9. The battle was fought in April, 1782, near a group of islets called the Saints, which gives its name to the battle. For four days the two fleets manoeuvred, circling round each other like two birds of prey on the wing, each admiral trying to place his antagonist at a disadvantage. At last Rodney's chance had come. The signal was given for attack. The British fleet glided on, each ship a cable's length, or about two hundred yards, from her neighbour; and so perfect was the line, we are told, "that a bucket dropped from the leading ship might have been picked up by almost any ship that followed." Rodney drew his ships within musket-shot of the enemy's, and then began a cannonade that soon wrapped the two lines in smoke and flame through their whole length. All the time the ships are in movement, the two lines sailing in opposite directions, and pouring in their shot as ship passes ship.

10. At length the crisis has come. One of the French ships is disabled and leaves a gap between itself and the next. Rodney immediately pushes his ship through the gap, thus breaking the French line. In breaking the line, says an eye-witness, "we passed so near the lame French ship that I could see the gunners throwing away their sponges and hand-spikes in order to save themselves by running below." The captains coming next to the admiral follow him through the fatal gap, thus crumpling up the French centre, and placing the French flag-ship and six others between two fires.

11. De Grasse fought his flag-ship like a gallant sailor. She was the finest ship afloat carrying 106 guns and a crew of 1300 men. In vain he signalled for help. The ships that had formed his van and his rear were flying in opposite directions. The British ships, one after another, drew round the doomed ship. When his cartridges were exhausted, De Grasse ordered powder barrels to be hoisted from the hold, and loose powder to be poured into the guns with a ladle. By sunset there were but three unwounded men on the upper deck. More slain or wounded men lay around her guns than in Rodney's whole fleet. At six o'clock, the unfortunate admiral, with his own hands, hauled down his flag.

12. Six ships fell to the British, but one caught fire and burned to the water's edge, while three were so mauled that they foundered before reaching port. The battle of Saints is famous for the skilful tactics of the victor and for the important results of the victory. Combined with the successful defence of Gibraltar, it induced the allies to bring the war to a close by the Treaty of Versailles (1783). By this treaty the independence of the United States was acknowledged. But beyond the loss of her American colonies, Britain had weathered the storm with little damage to herself.

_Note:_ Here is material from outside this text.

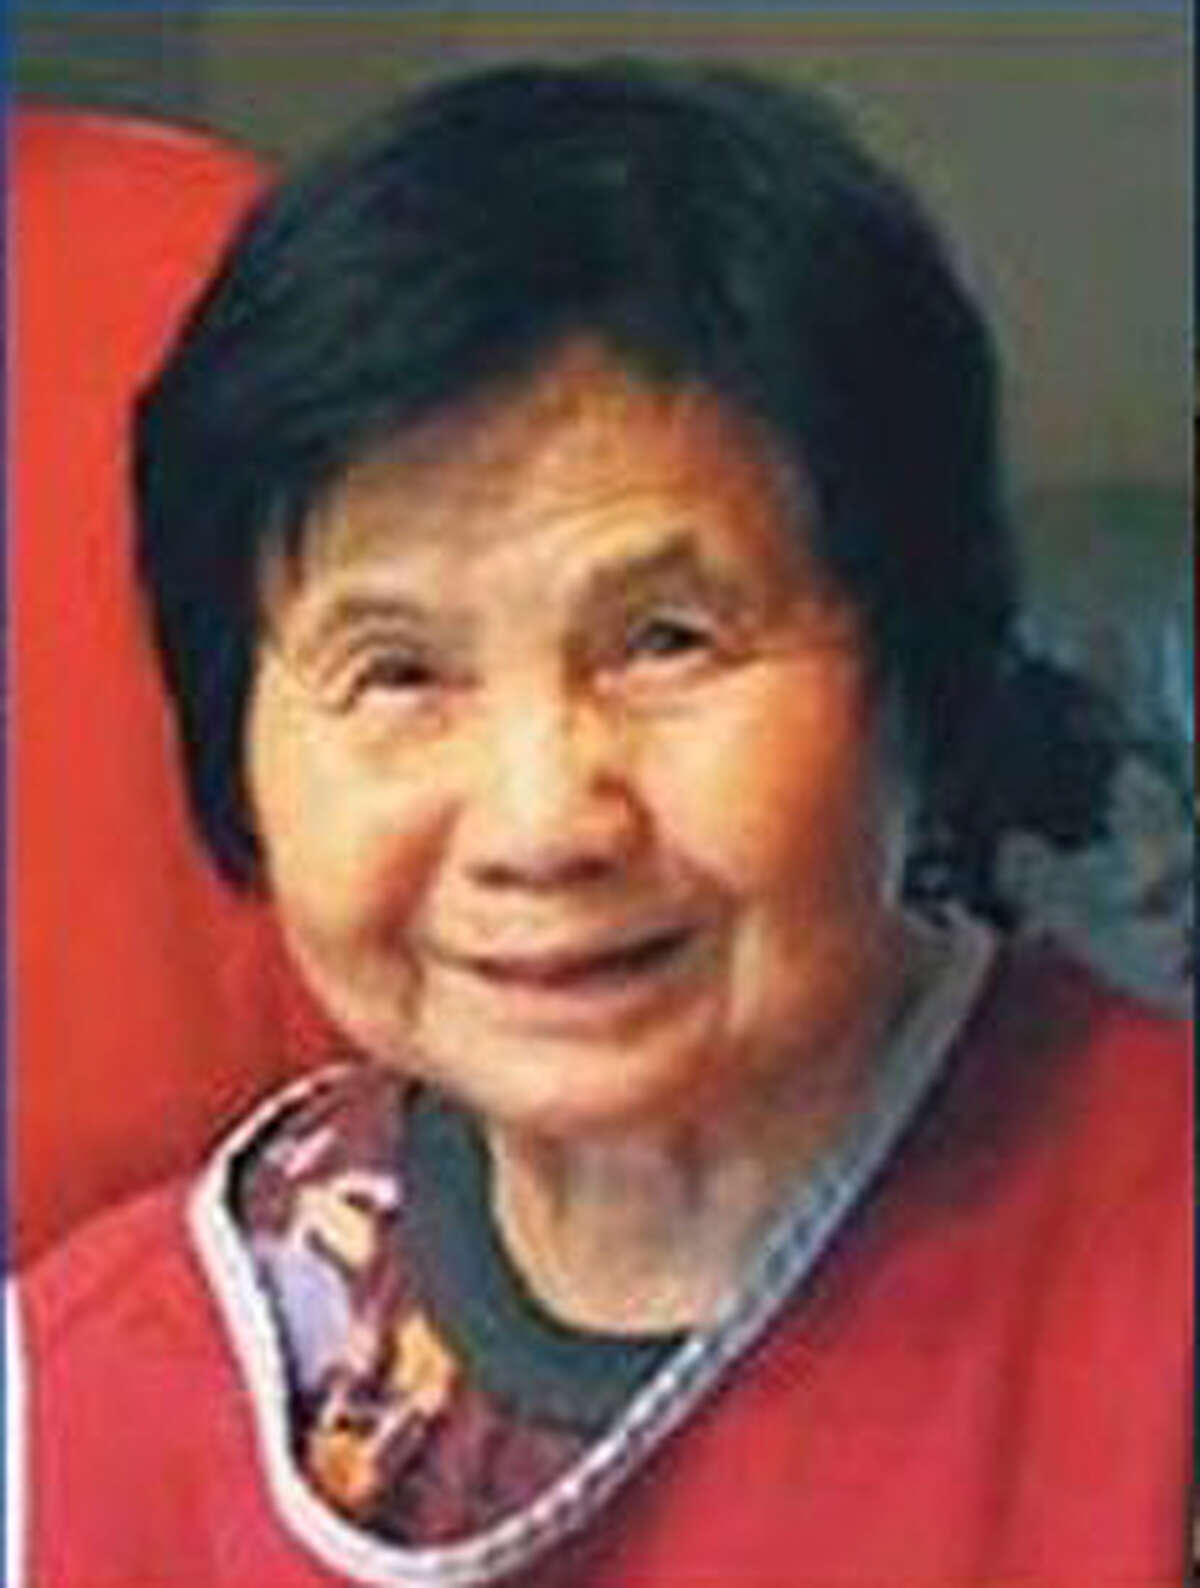 Su-Jung Teng, 79, was attacked while gardening in her Sharpstown backyard.
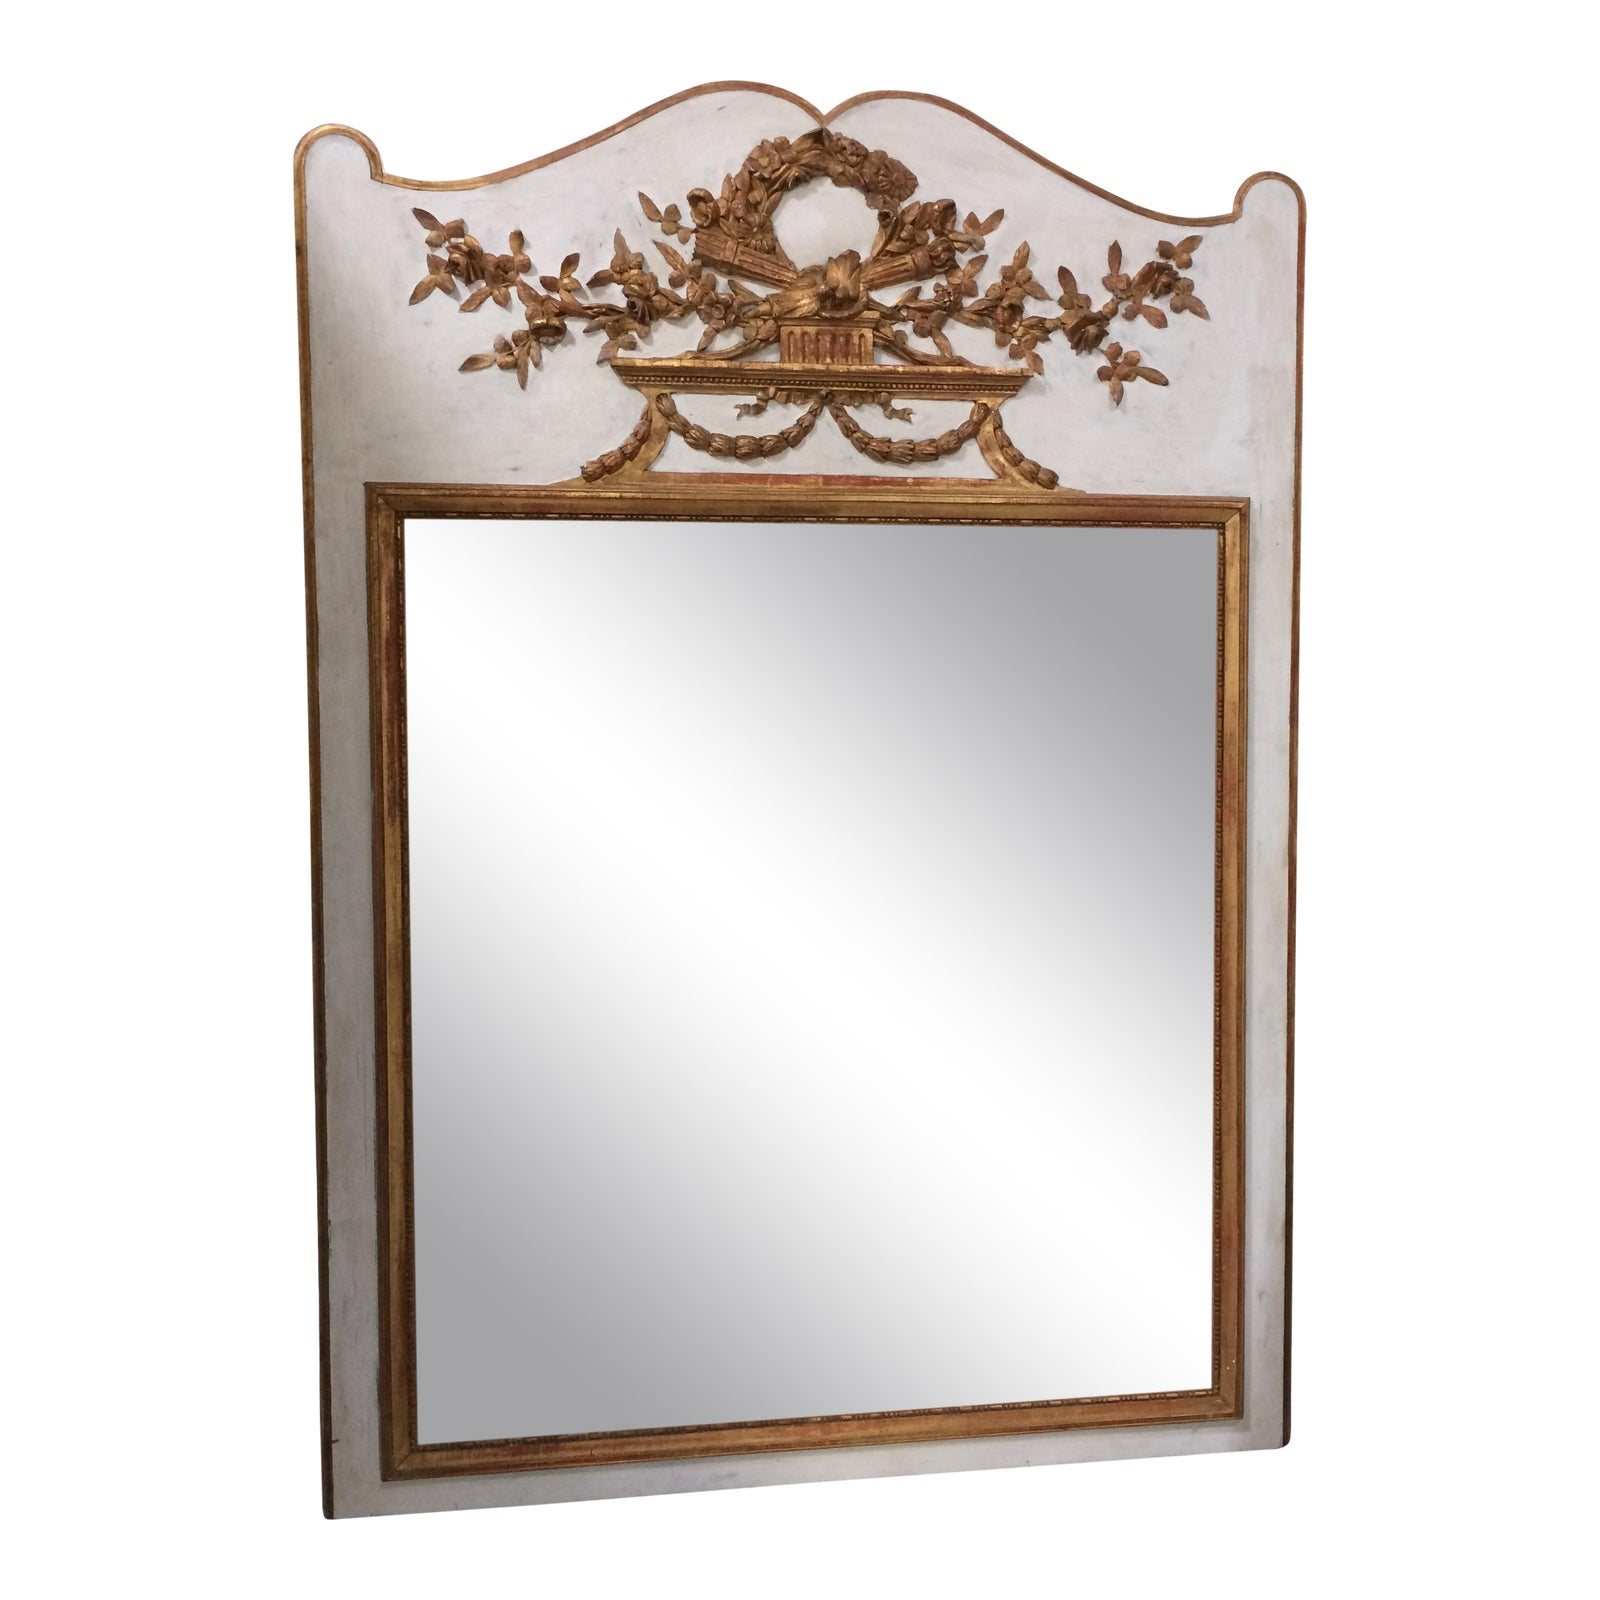 18th Century French Trumeau Mirror Chairish

13. The forcible separation, however, between the mother-country and her colonies bequeathed for many generations a feeling of bitterness between the two nations. But a better day has now dawned. A new bond of sympathy has arisen between them as two branches of the same Anglo-Saxon race. They are divided by a wide ocean, but at critical times it has been plainly proved that "blood is thicker than water." A voice has passed across the ocean from either side, and this is the message it tells:—

"Kinsmen, hail!
We severed have been too long:
Now let us have done with a worn-out tale,
The tale of an ancient wrong,
And our friendship last long as Love doth last,
And be stronger than death is strong."

(3) AUSTRALASIA BROUGHT TO LIGHT.

1. Britain had now lost her chief colonies in the New World, but a newer world was waiting for her to occupy. This newer world was Australia, whose existence was not known until fifty years after Columbus made his famous discovery. The first to get a glimpse of Australia were the Dutch, who called it New Holland; but they only touched on its northern and western coasts, and knew nothing of the extent and character of the interior. To a Dutchman also, named Tasman, is due the honour of having first lighted on New Zealand and Tasmania, but he did little or nothing in exploring these lands and mapping out their coasts. It was reserved for an Englishman, the famous Captain Cook, to explore the coasts and definitely fix the situation of those southern lands that now form so important a part of King Edward's Realm.

2. This celebrated explorer was the son of a day-labourer in Yorkshire, and, when a boy of six or seven, was set to work at bird-scaring on a farm. The farmer's wife, taking an interest in the lad, taught him to read and write, which few poor boys in his days were able to do. A year or two later we find him ship-boy to a collier. Whilst serving as a sailor before the mast, James Cook did what was seldom done by men in his position, he went on with his learning, and mastered the rules of navigation and the mode of making charts. For thirteen years he went on learning his business as a mariner, and training himself to take things as they came and to look on hardships and coarse or scanty fare as matters of no account in a seaman's life.

3. On the outbreak of the Seven Years' War Cook's chance came to him. He entered the royal navy, and by his talents attracted the notice of his captain and was appointed "master" of the Mercury. Whilst holding this post he was sent to the St. Lawrence to prepare for Wolfe's expedition to Quebec, by taking soundings of the river and laying down a chart. So well was this work done that not only did the fleet reach Quebec without a mishap, but the work has needed but little re-doing from that day to this. This service to his country was not forgotten; and when it was resolved to send an exploring expedition to the Southern Ocean, James Cook was placed in command.